Наутро Жоссеран занемог. До двух часов ночи он, несмотря на безмерную усталость и постепенно одолевавшую его слабость, которые он испытывал уже несколько месяцев, еще упорно надписывал бандероли. Однако он поднялся с постели и оделся, но, когда уже собрался было в контору, ощутил такой упадок сил, что отправил посыльного с запиской к братьям Бернгейм, чтобы предупредить о том, что нездоров.
Семейство собиралось пить кофе с молоком. Этот завтрак подавался без скатерти, в столовой, еще не прибранной после вчерашнего ужина. Дамы приходили в ночных кофтах, с влажными после умывания лицами и едва прихваченными шпильками волосами. Увидев, что муж остался дома, госпожа Жоссеран решила не скрывать более присутствия Берты; ей уже наскучила эта таинственность, вдобавок она всякую минуту опасалась появления Огюста, который мог бы устроить сцену.
– Как? Ты завтракаешь с нами? Что случилось? – удивился отец, заметив дочь с припухшими после сна глазами и грудью, придавленной слишком тесным пеньюаром Ортанс.
– Муж написал, что остается в Лионе, – ответила Берта. – Вот я и решила провести день с вами.

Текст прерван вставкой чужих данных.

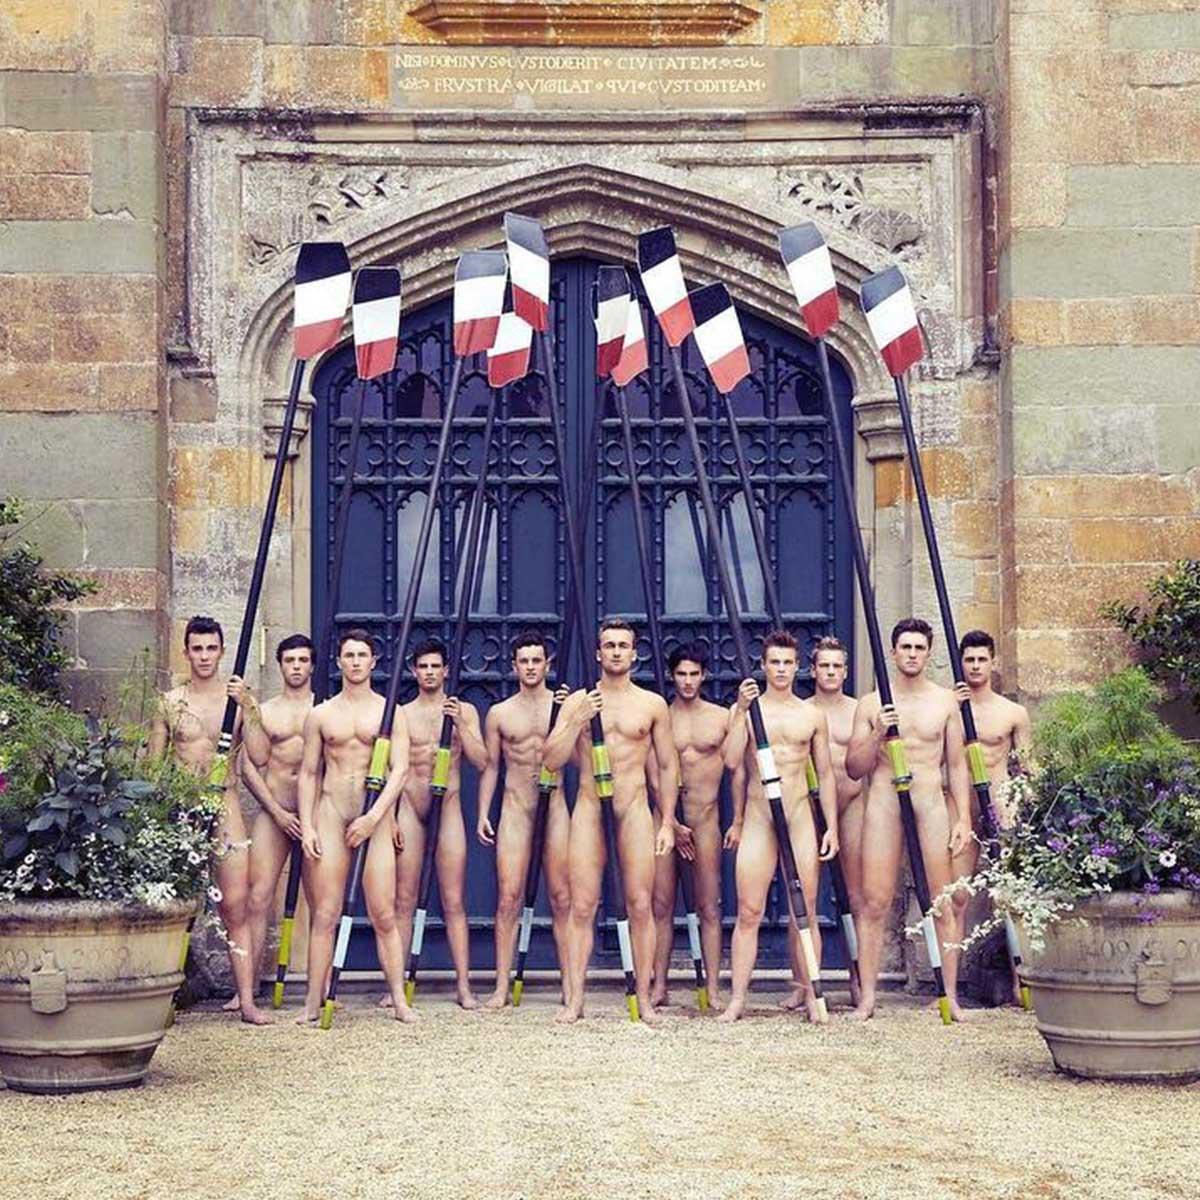 Warwick Rowers Nude Gallery My Hotz Pic

Эту ложь сестры придумали вместе. Госпожа Жоссеран, по-прежнему суровая, как школьная надзирательница, не стала ее опровергать. Но отец, предчувствуя неладное, взволнованно вглядывался в лицо Берты. Что-то странное было в этой истории, и он уже хотел было спросить, как же справятся без нее в магазине, но тут дочь подошла к нему и игриво и ласково, как прежде, расцеловала в обе щеки.
– Это правда? Ты от меня ничего не скрываешь? – пробормотал он.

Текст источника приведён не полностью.